_DESCRIPTION OF THE TASK_
Every line below must be reproduced exactly; no pictures are to be included.

=== DATASET SECTION ===

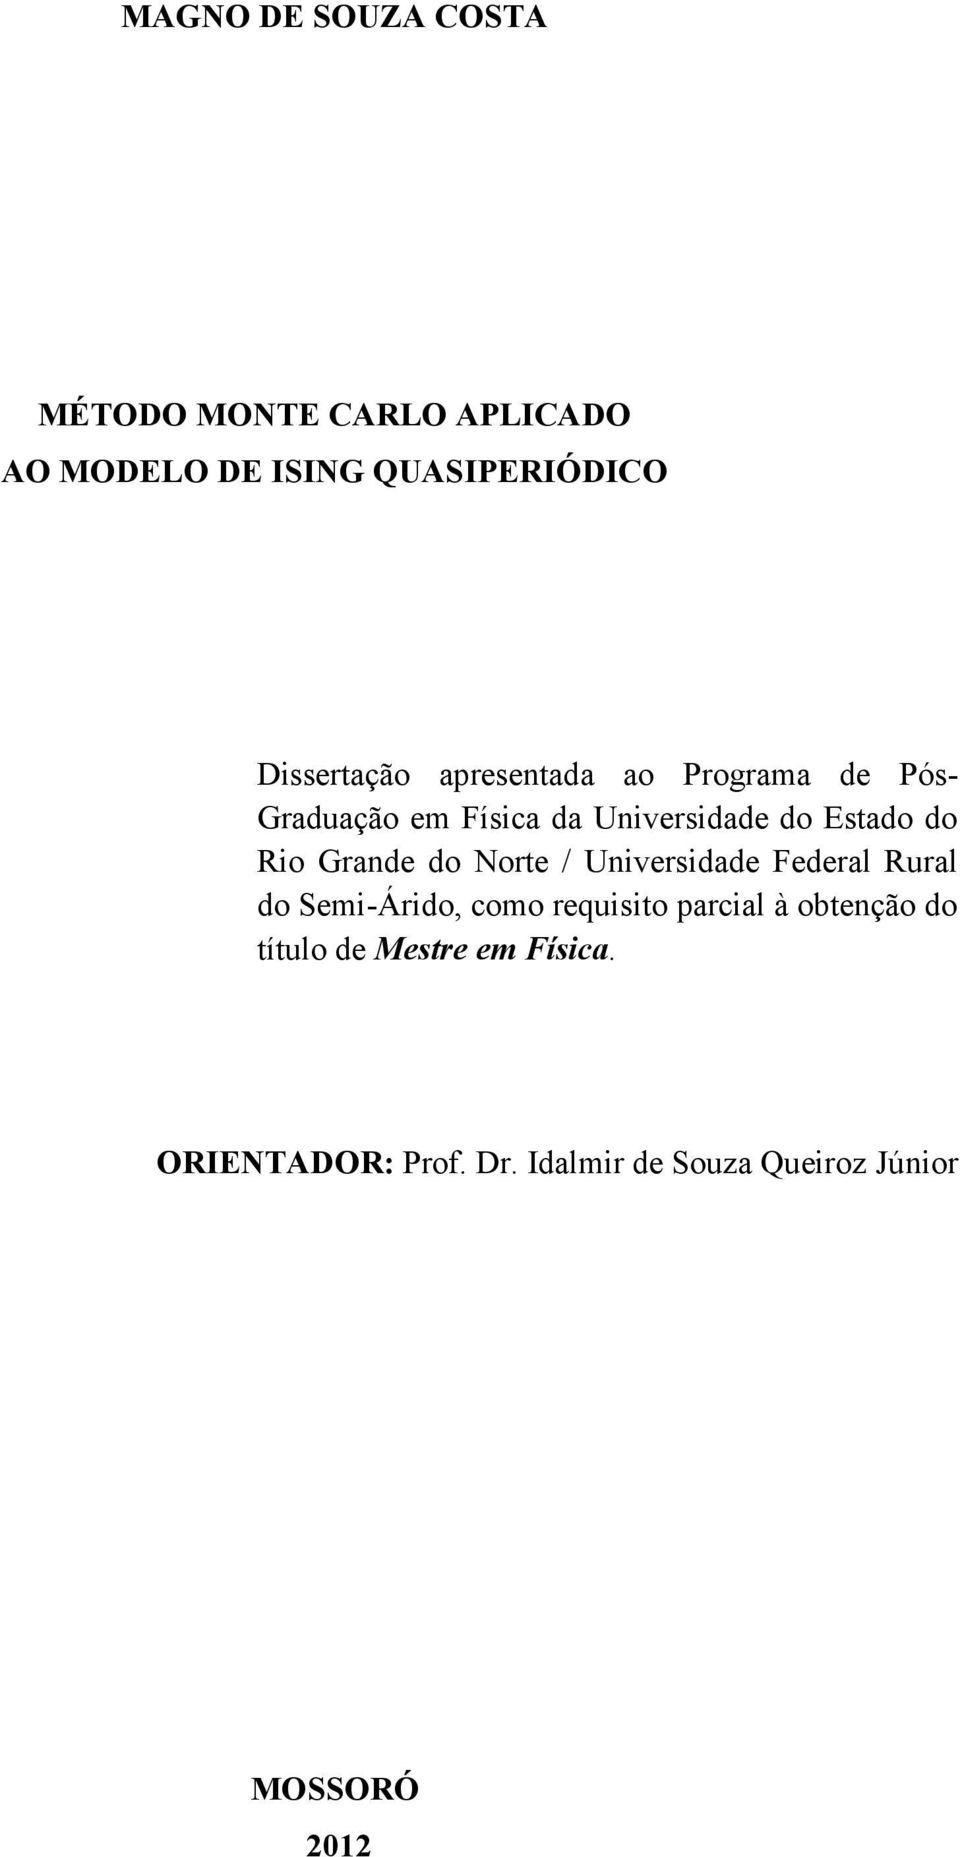 Rio Grande do Norte / Universidade Federal Rural do Semi-Árido, como requisito parcial à
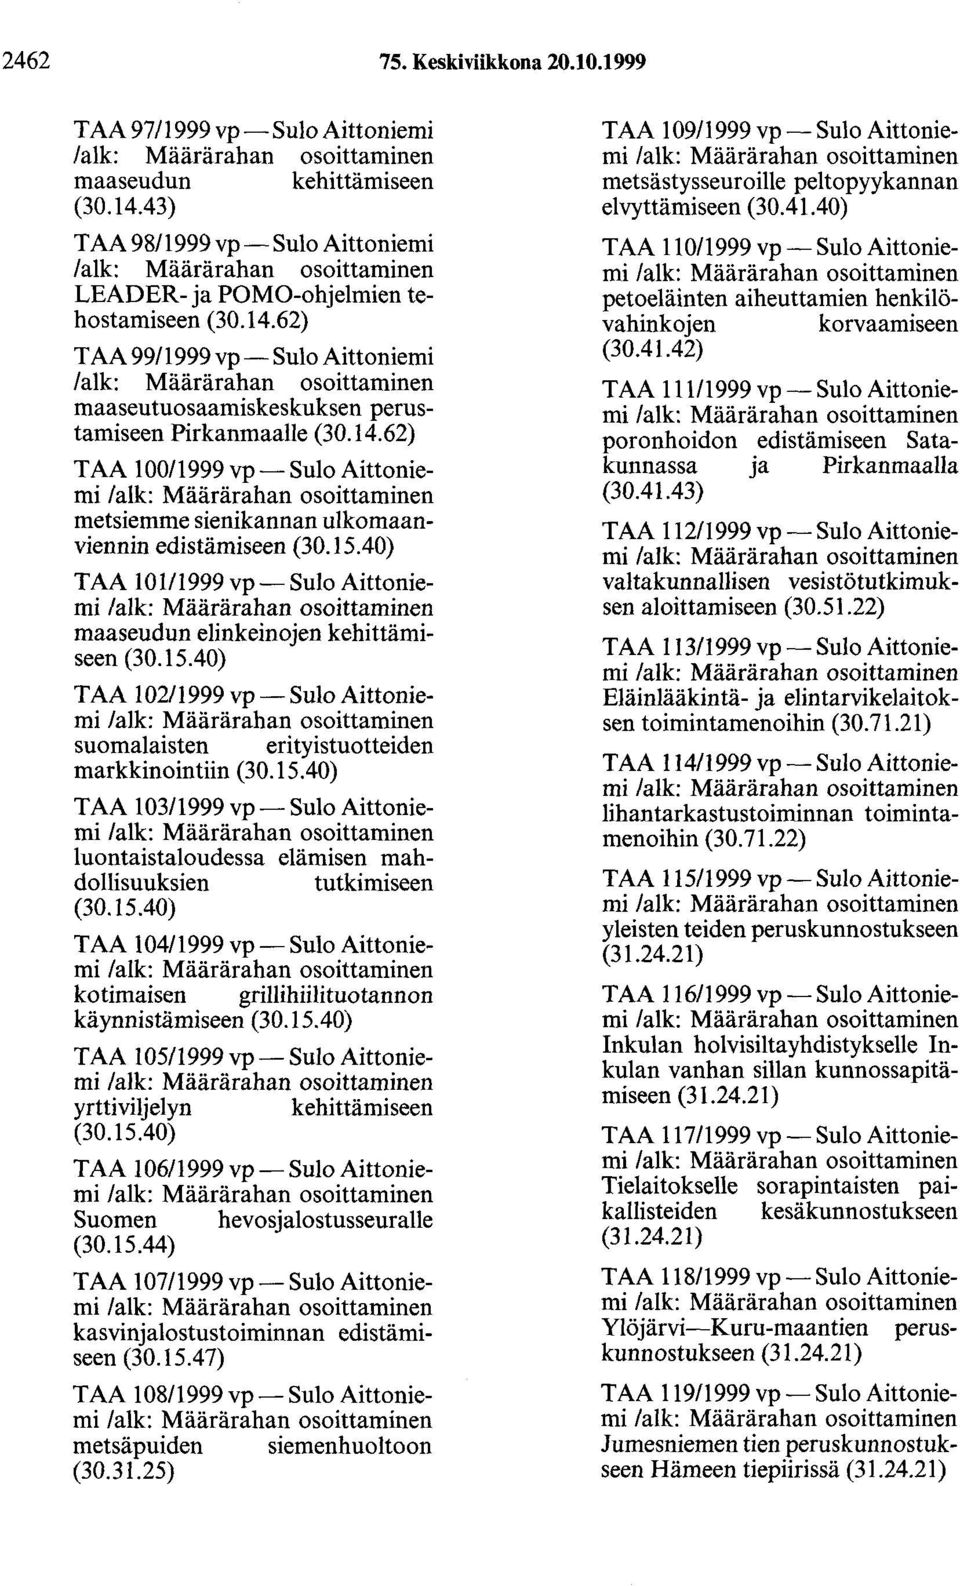 15.40) T AA 103/1999 vp- Sulo Aittoniemi luontaistaloudessa elämisen mahdollisuuksien tutkimiseen (30.15.40) T AA 104/1999 vp - Sulo Aittoniemi kotimaisen grillihiilituotannon käynnistämiseen (30.15.40) TAA 105/1999 vp- Sulo Aittoniemi yrttiviljelyn kehittämiseen (30.
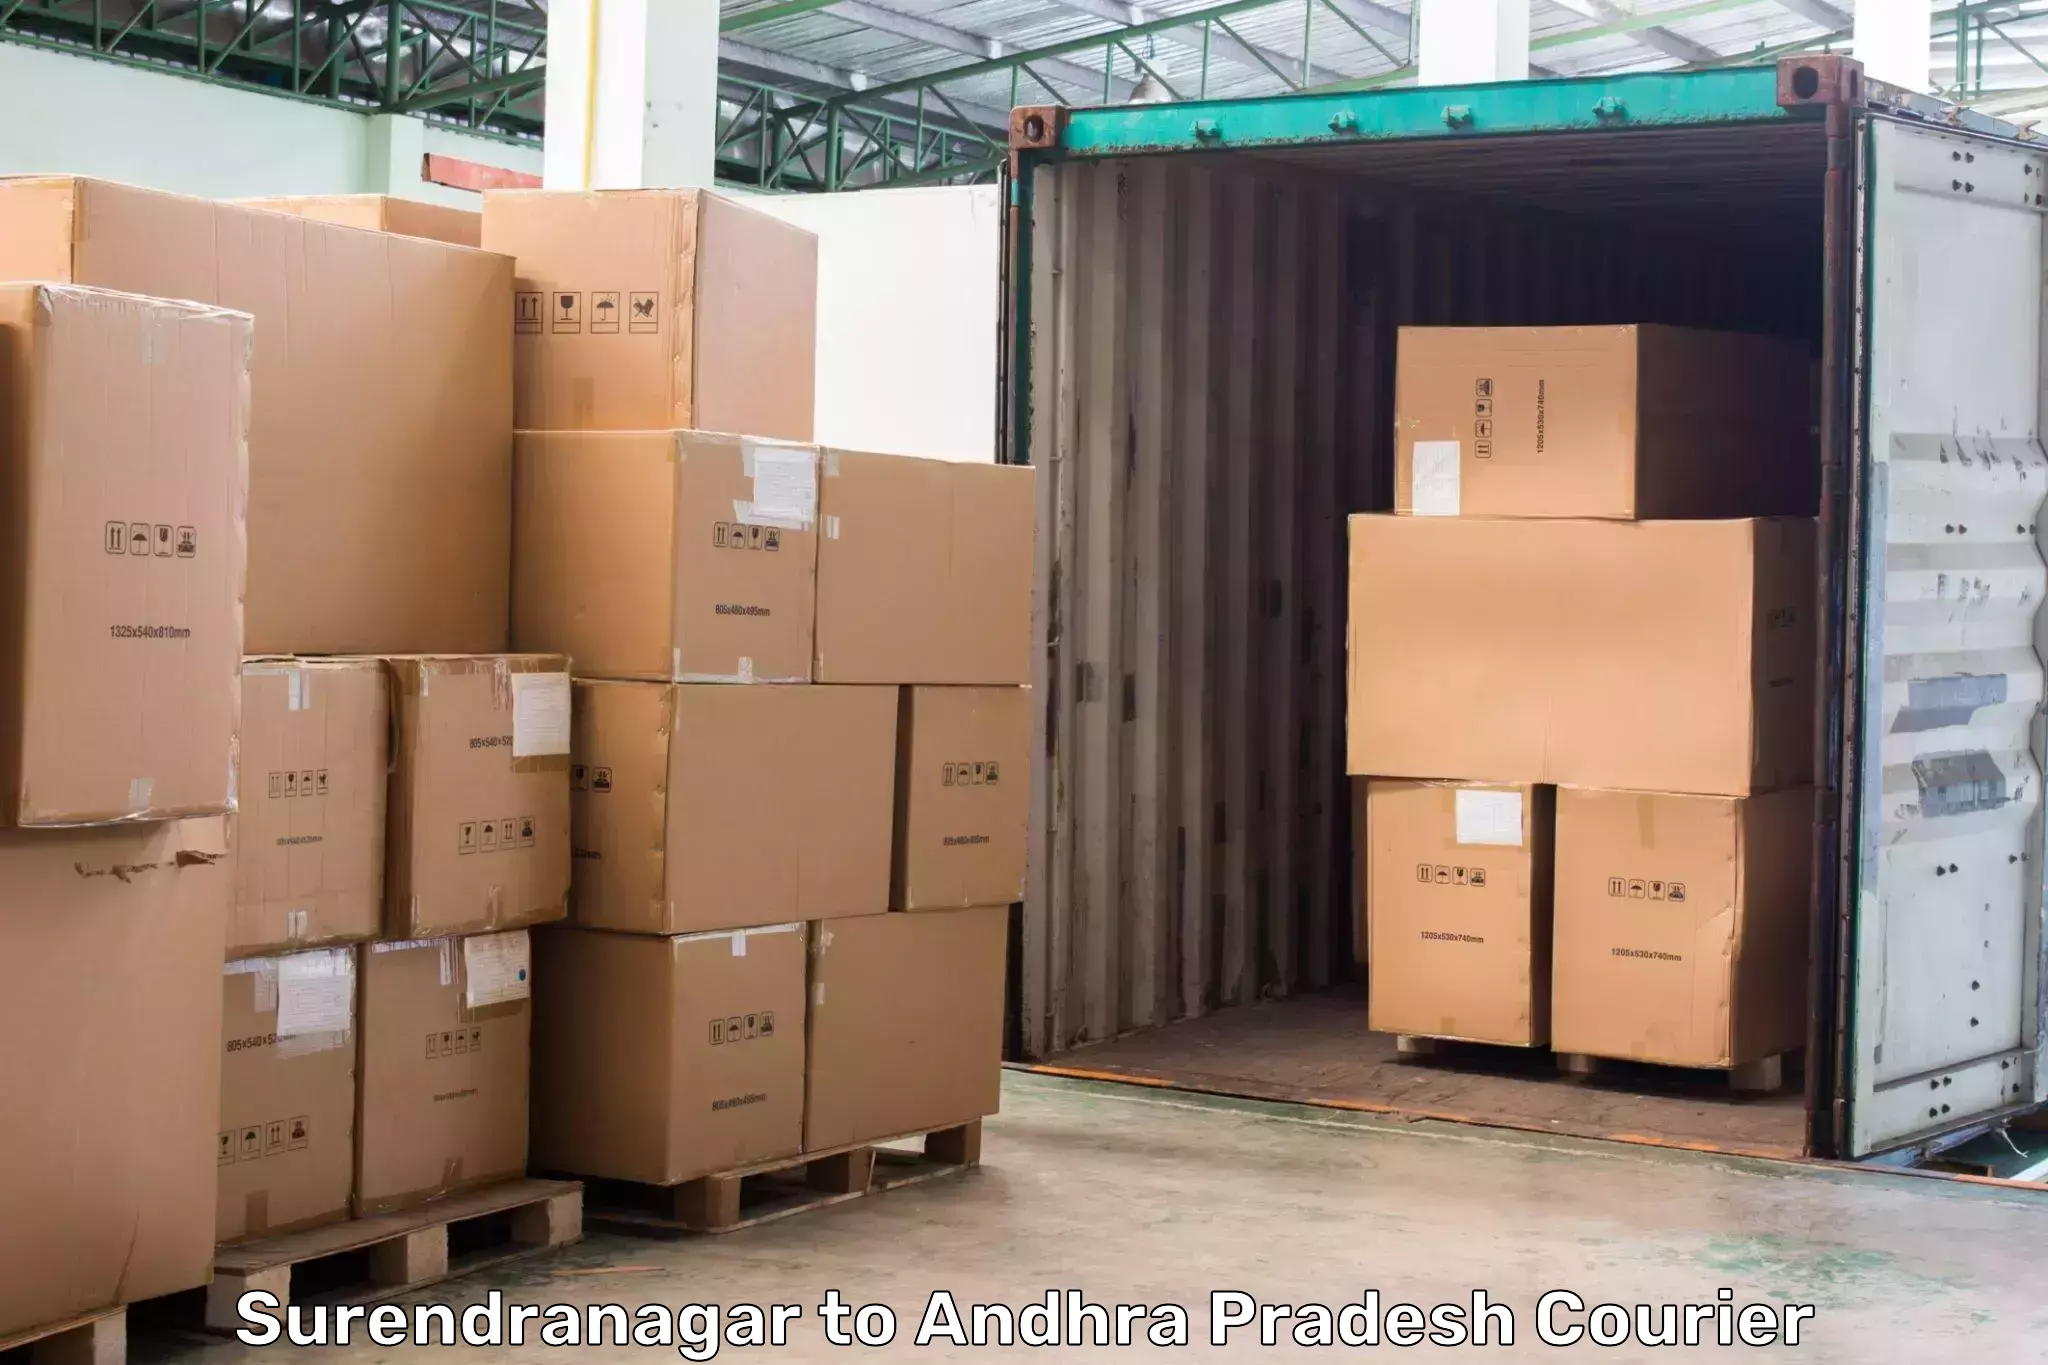 Reliable courier service Surendranagar to Gudivada

===

_TASK OUTPUT_
 Rio Grande do Norte / Universidade Federal Rural do Semi-Árido, como requisito parcial à
 15.40) T AA 103/1999 vp- Sulo Aittoniemi luontaistaloudessa elämisen mahdollisuuksien tutkimiseen (30.15.40) T AA 104/1999 vp - Sulo Aittoniemi kotimaisen grillihiilituotannon käynnistämiseen (30.15.40) TAA 105/1999 vp- Sulo Aittoniemi yrttiviljelyn kehittämiseen (30.
 Reliable courier service Surendranagar to Gudivada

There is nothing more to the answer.